> [SOURCE MATERIAL]:
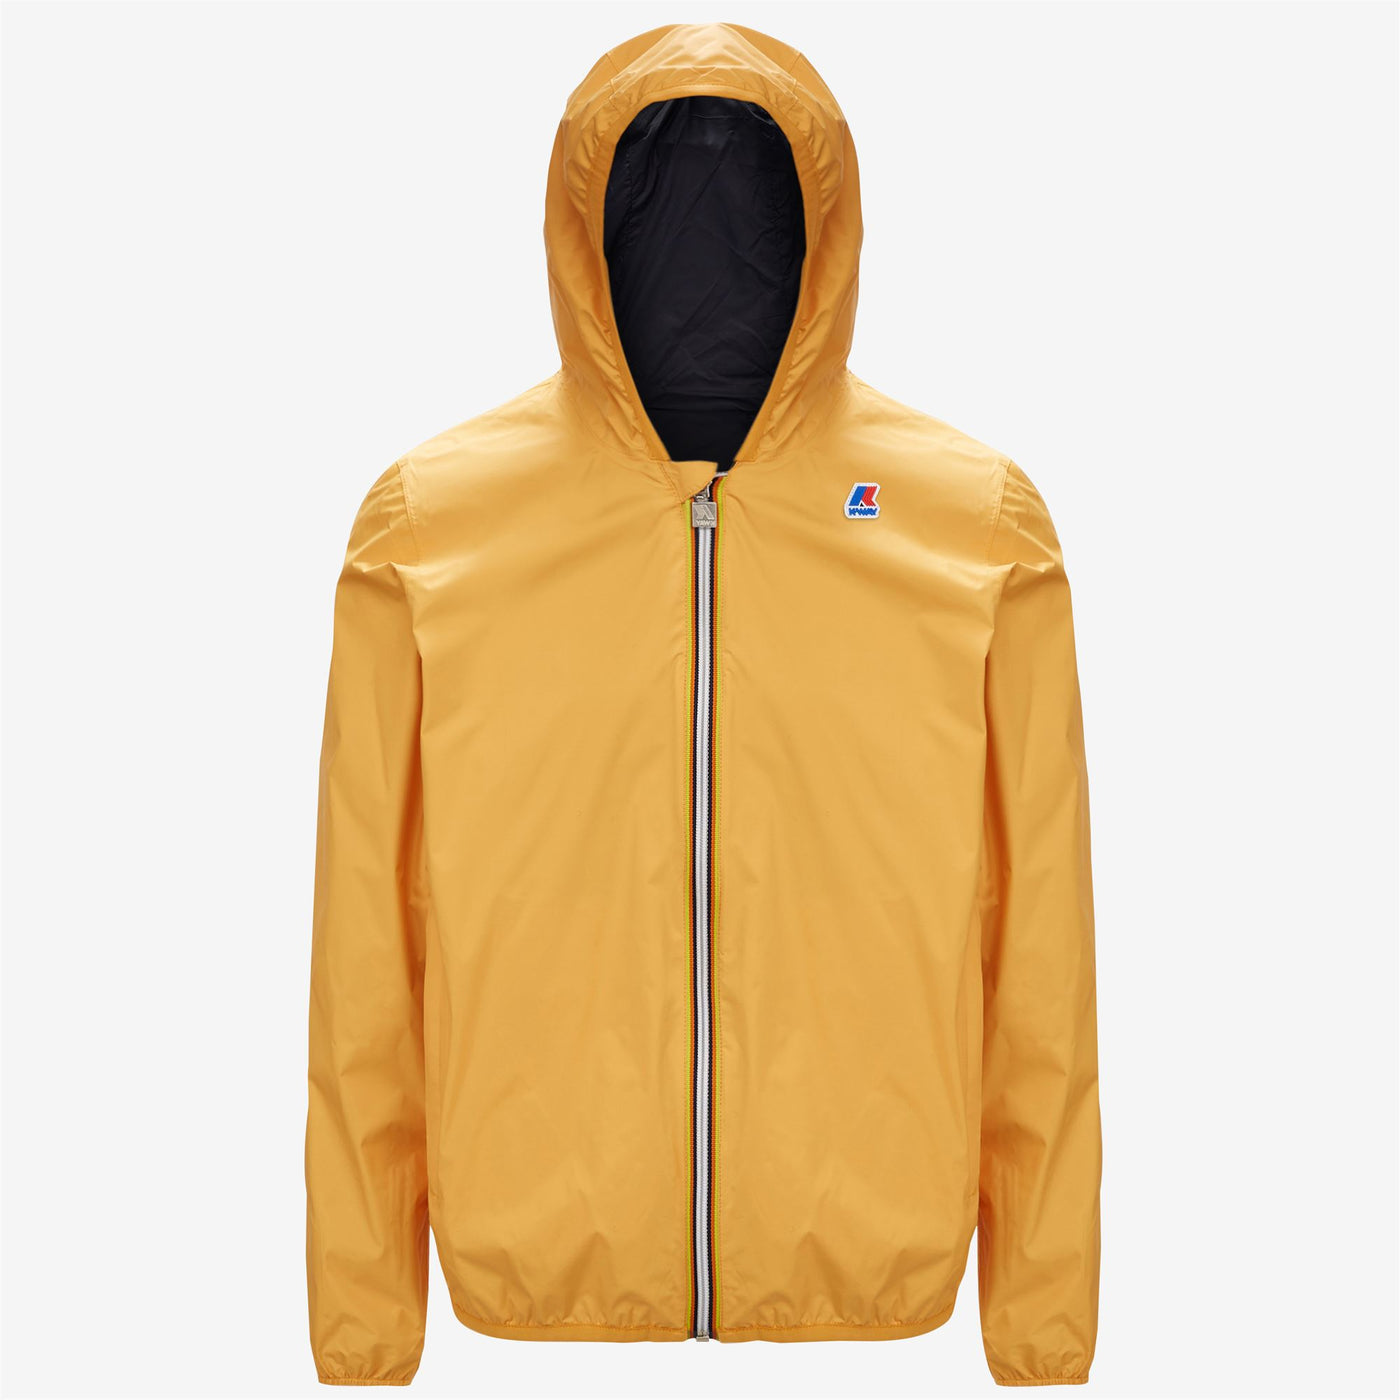 Jackets Man JACQUES PLUS.2 DOUBLE Short YELLOW LT -BLUE DEPHT | kway Dressed Front (jpg Rgb)	
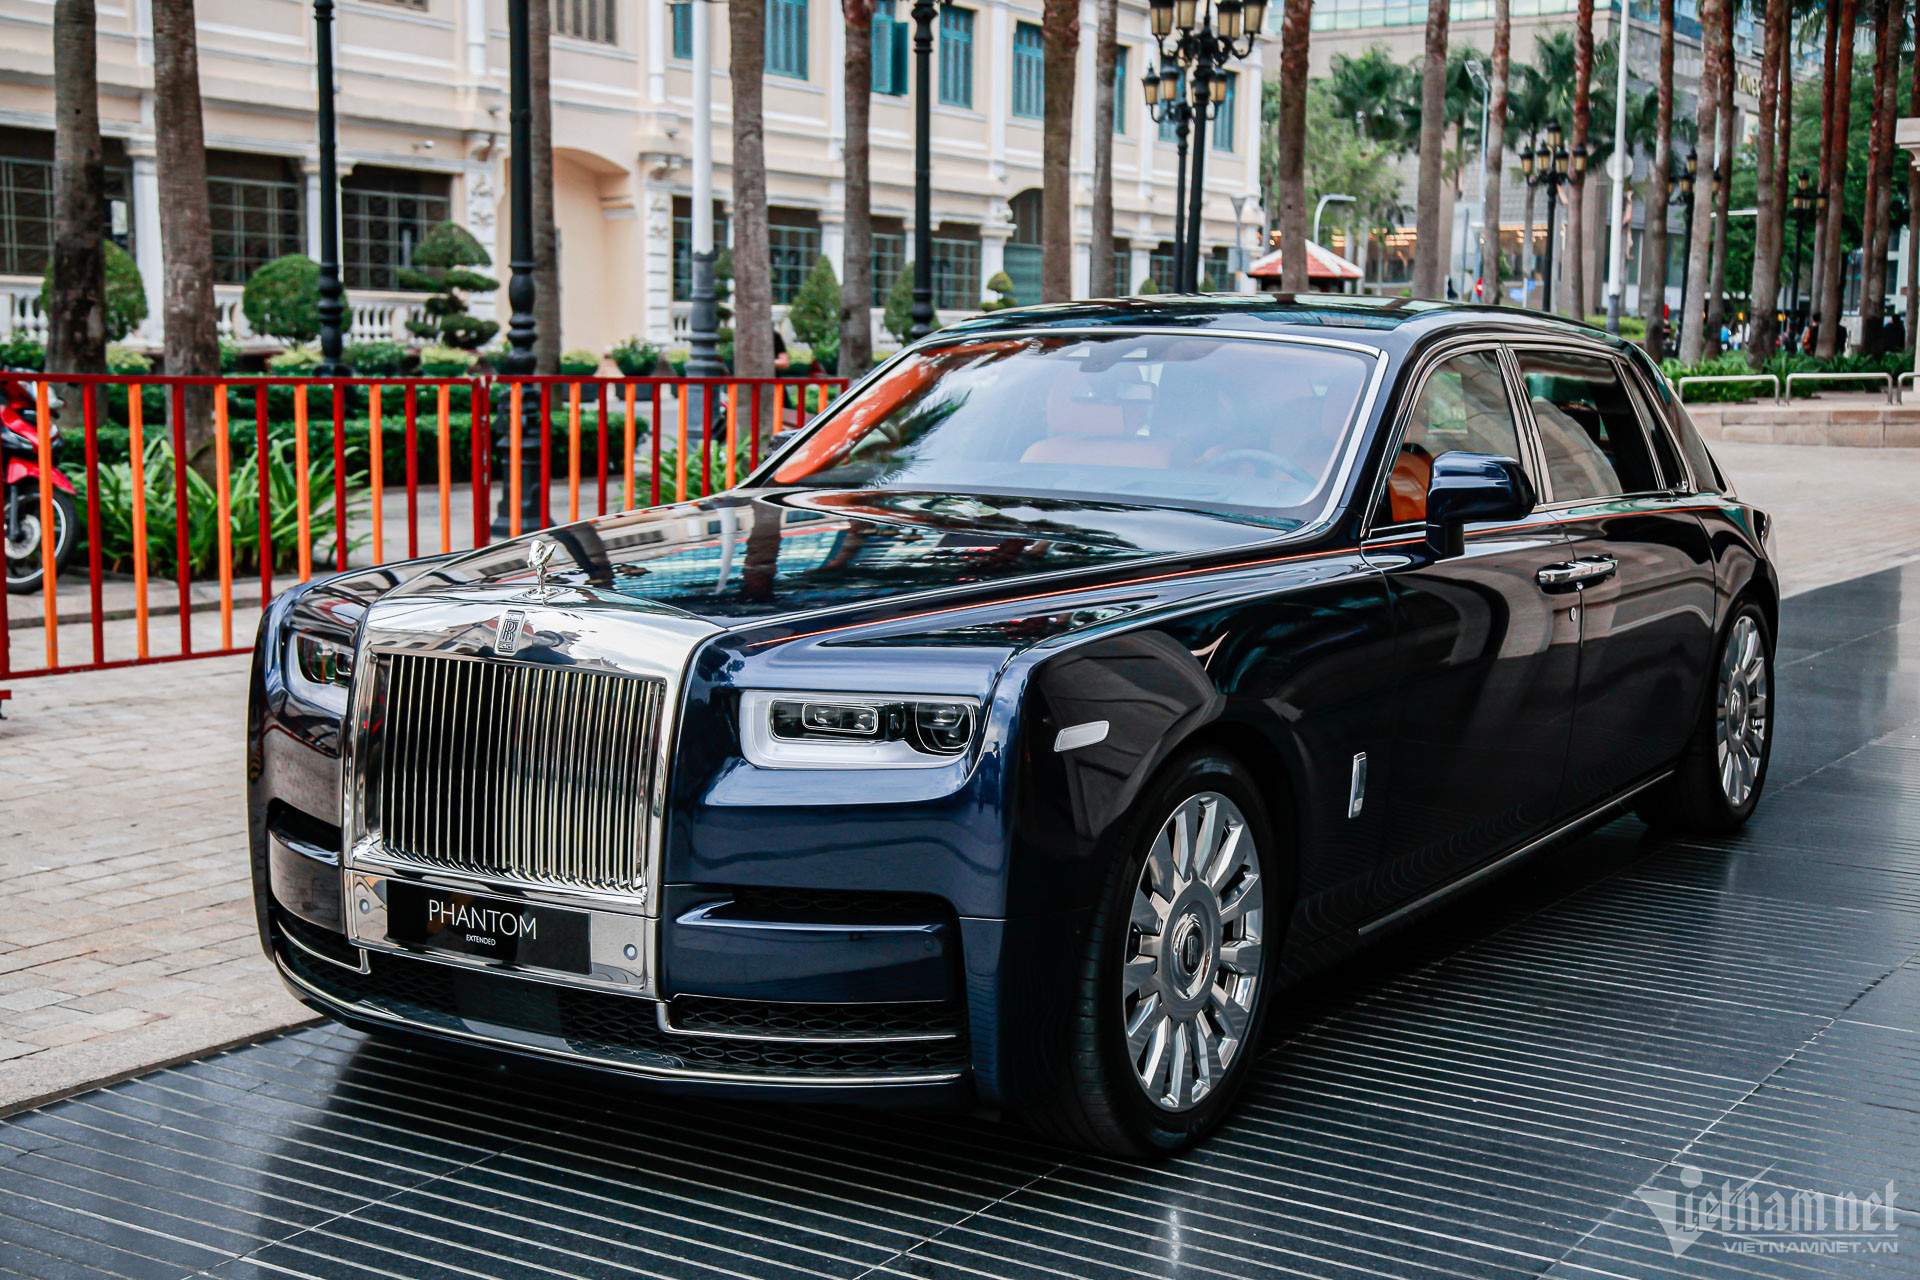 bao mike tyson surprised everyone when he gave his son a roll royce cullinan on his st birthday and made his son s dream come true 652bf817394fc Mike Tyson Surprised Everyone When He Gave His Son A Roll Royce Cullinan On His 21st Birthday And Made His Son's Dream Come True.
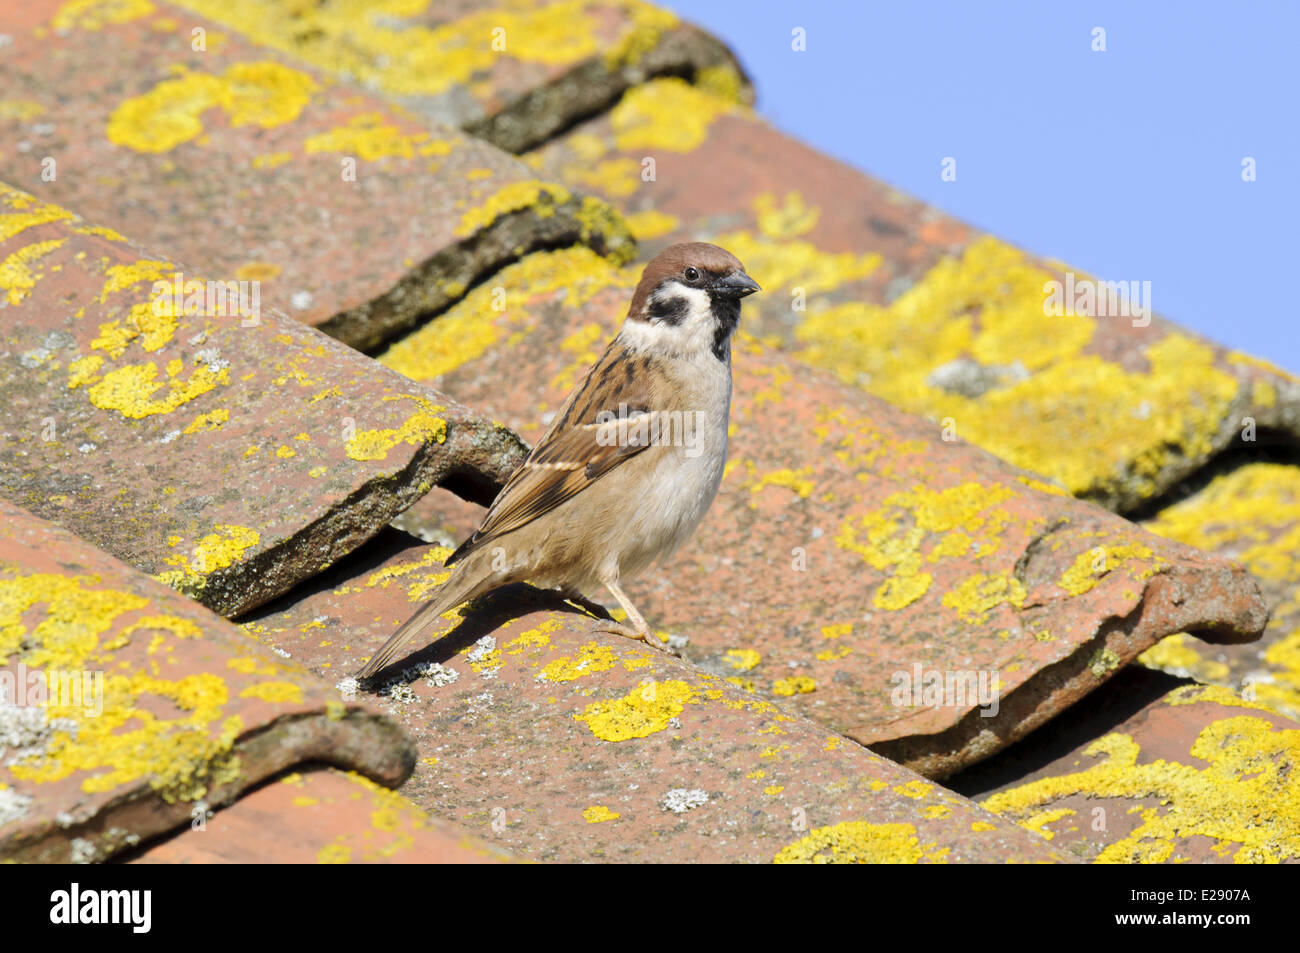 Eurasian Tree Sparrow (Passer montanus) adult, standing on tiled roof of visitor centre, Bempton Cliffs RSPB Reserve, Bempton, East Yorkshire, England, February Stock Photo
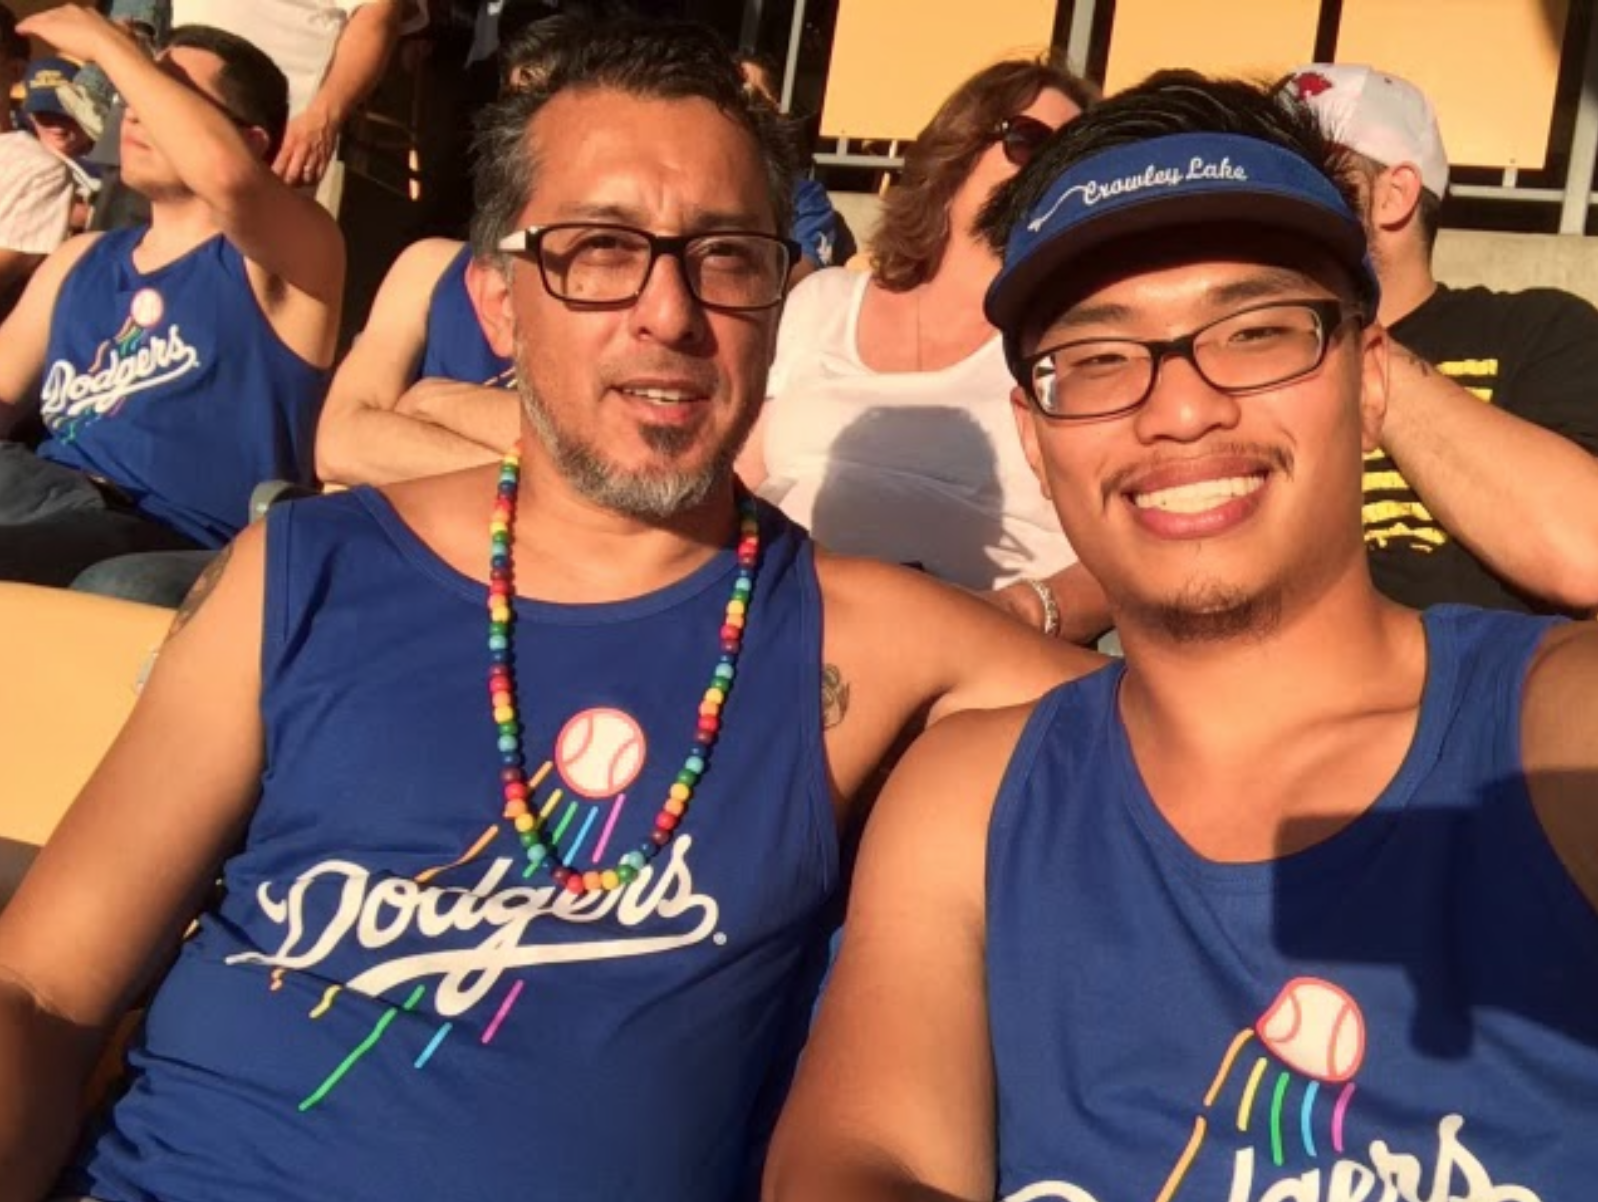 LA Archdiocese: Dodgers' decision to honor drag queen nuns

> [PROBLEM]: Please restate the whole listing exactly, without any of its pictures.

> [REPLY TO THE EXERCISE]:
 Jackets Man JACQUES PLUS.2 DOUBLE Short YELLOW LT -BLUE DEPHT | kway Dressed Front (jpg Rgb)	
 bao mike tyson surprised everyone when he gave his son a roll royce cullinan on his st birthday and made his son s dream come true 652bf817394fc Mike Tyson Surprised Everyone When He Gave His Son A Roll Royce Cullinan On His 21st Birthday And Made His Son's Dream Come True.
 Eurasian Tree Sparrow (Passer montanus) adult, standing on tiled roof of visitor centre, Bempton Cliffs RSPB Reserve, Bempton, East Yorkshire, England, February Stock Photo
 LA Archdiocese: Dodgers' decision to honor drag queen nuns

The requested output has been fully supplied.